» **WHAT IS REQUIRED**:
Reproduce the listing that follows word for word, without its pictures.

» **MATERIAL PROVIDED**:
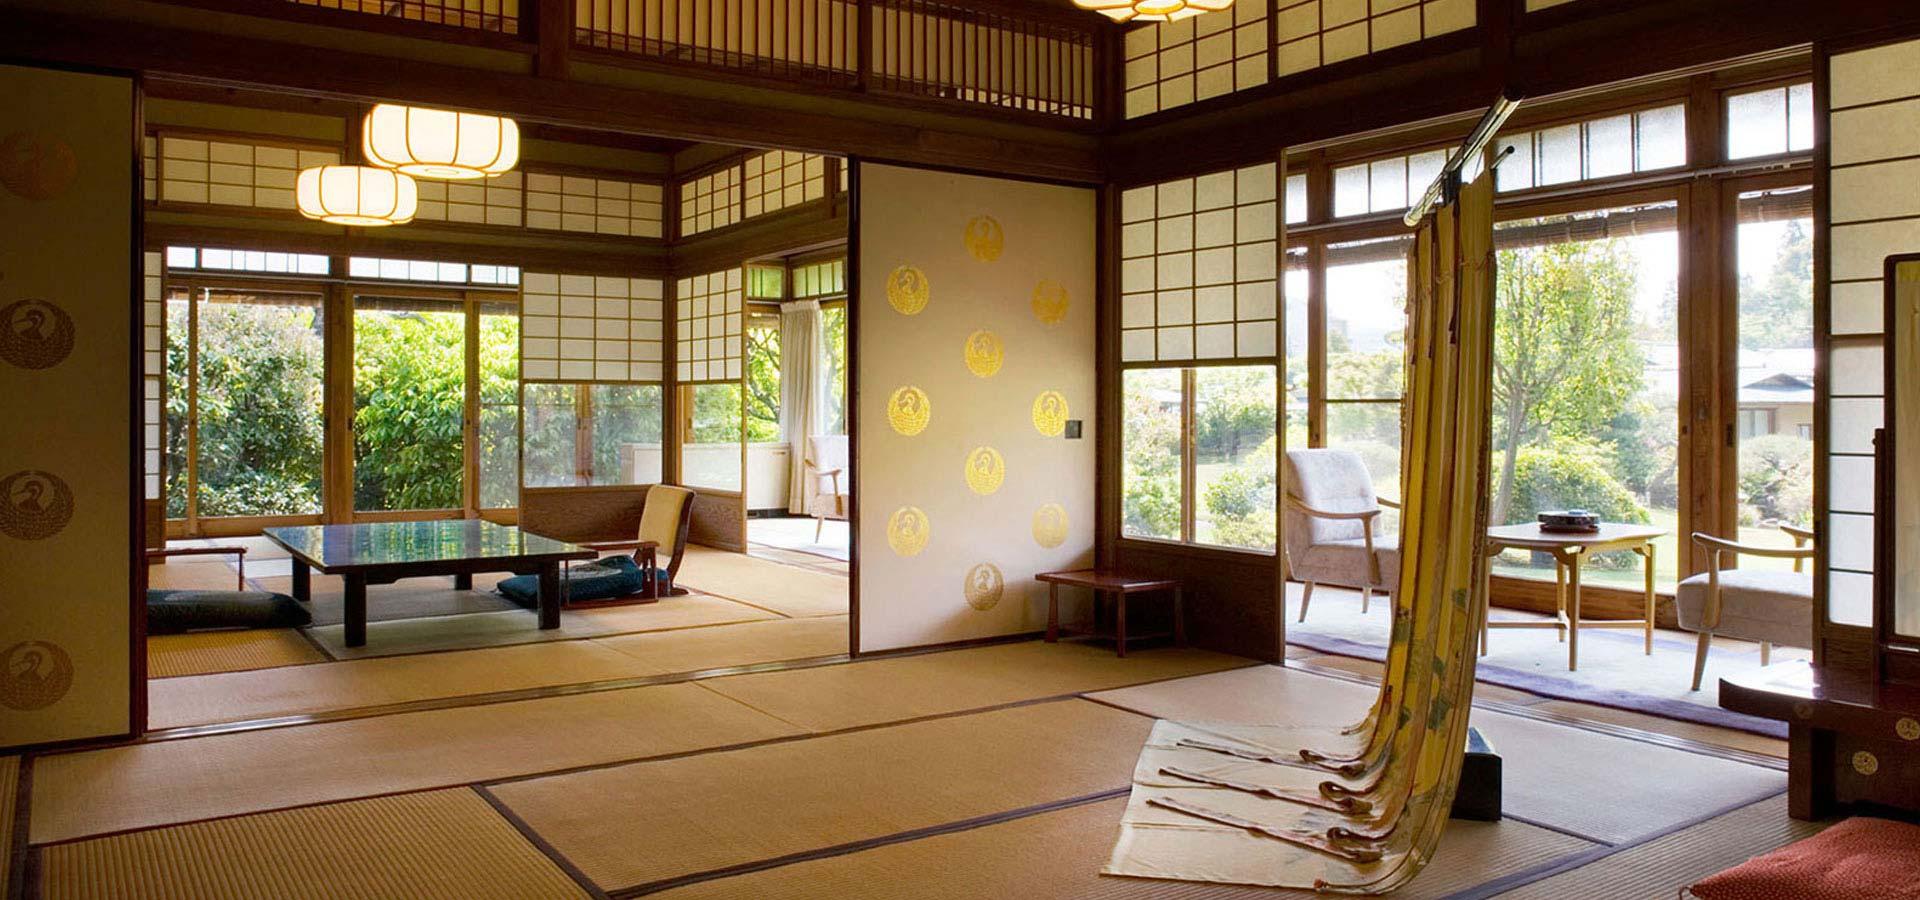 旅館と日本のしきたり
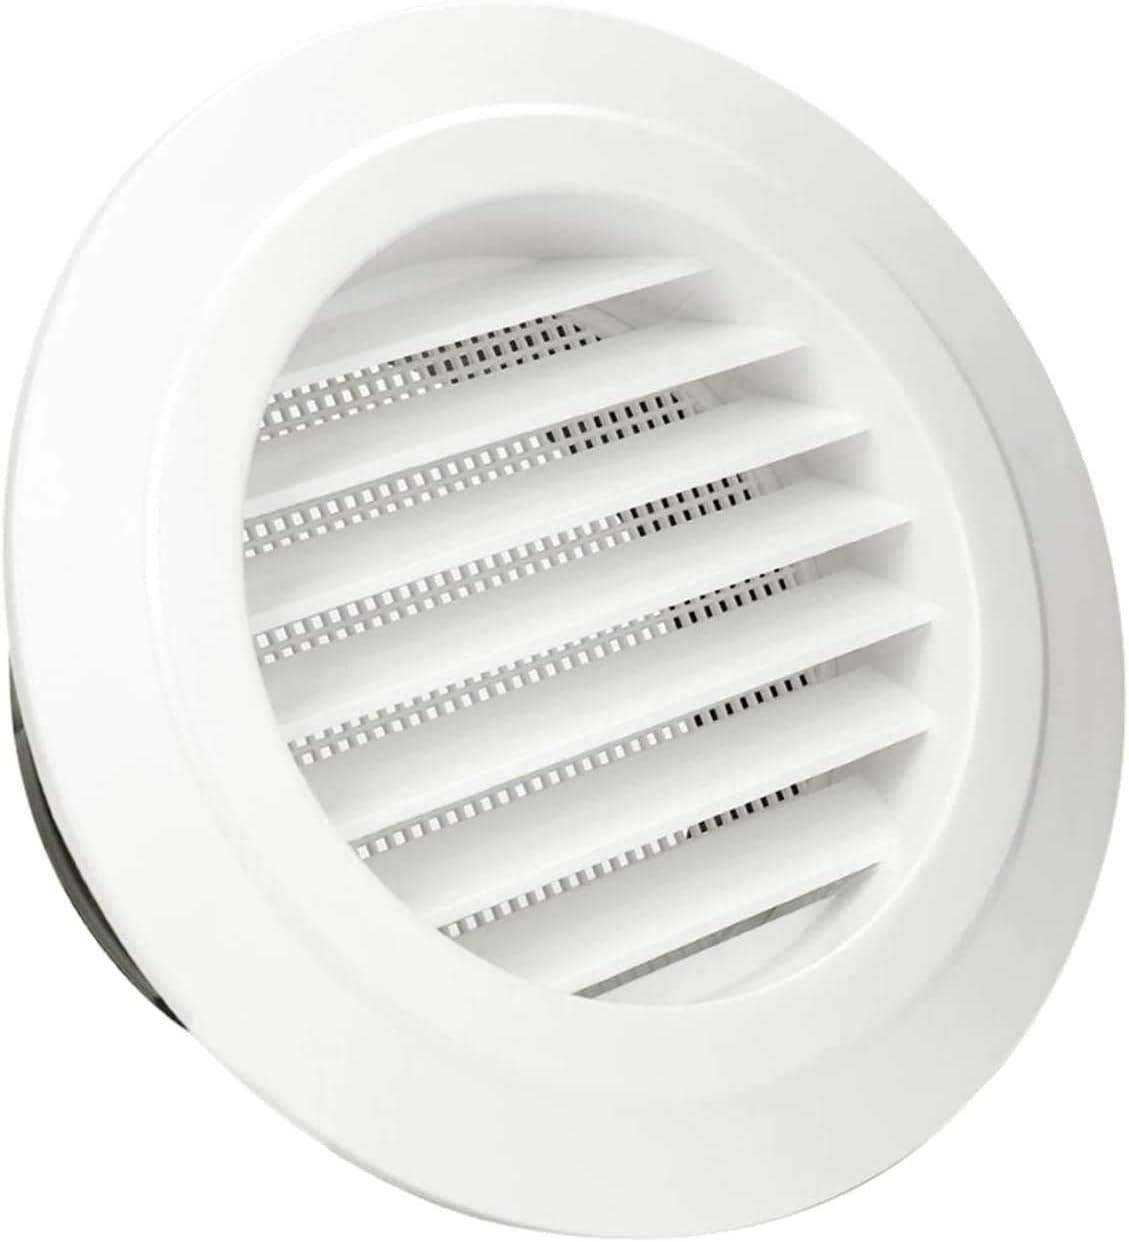 HG Power Rejilla de ventilación 125 mm, plástico ABS, rejilla de ventilación, rejilla de ventilación, Tapa Redonda de ventilación de Aire Rejilla de ventilación anti-insectos
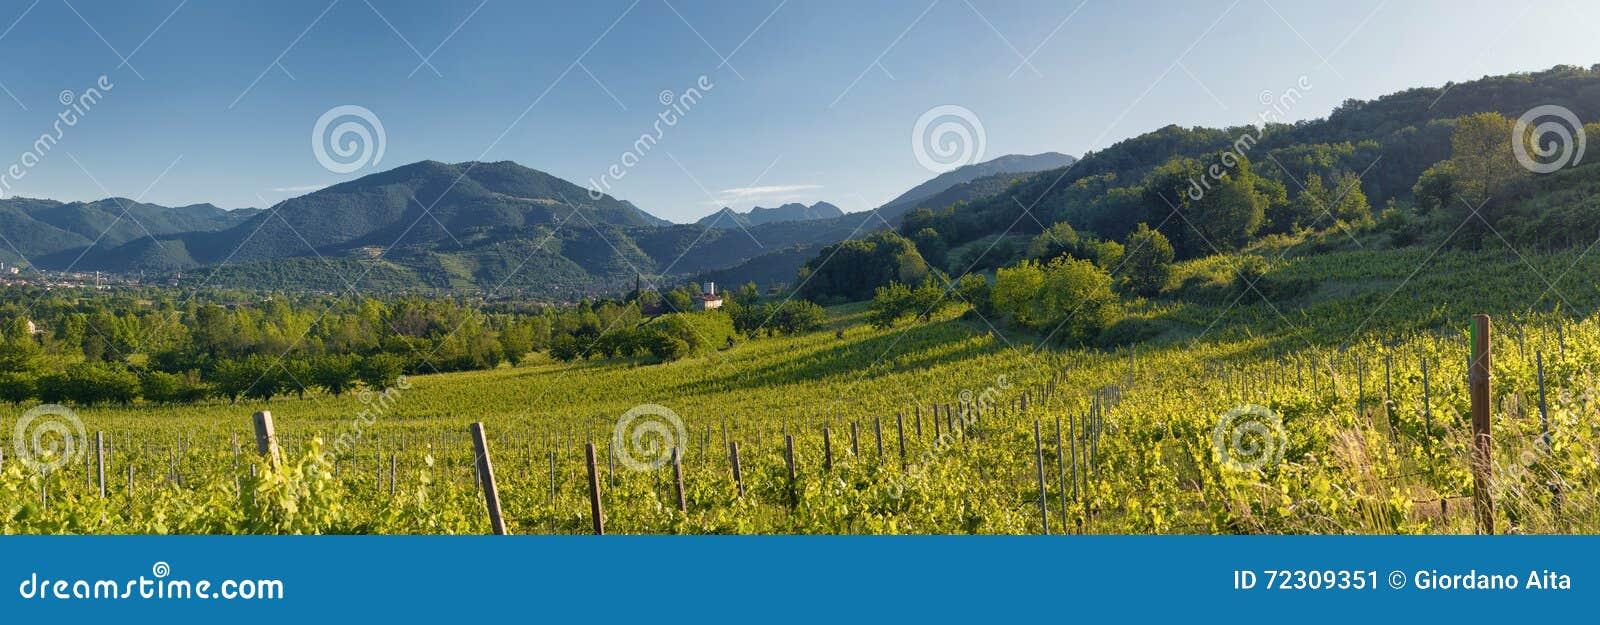 Λόφοι και wineyards

» **YOUR SOLUTION**:
 旅館と日本のしきたり
 HG Power Rejilla de ventilación 125 mm, plástico ABS, rejilla de ventilación, rejilla de ventilación, Tapa Redonda de ventilación de Aire Rejilla de ventilación anti-insectos
 Λόφοι και wineyards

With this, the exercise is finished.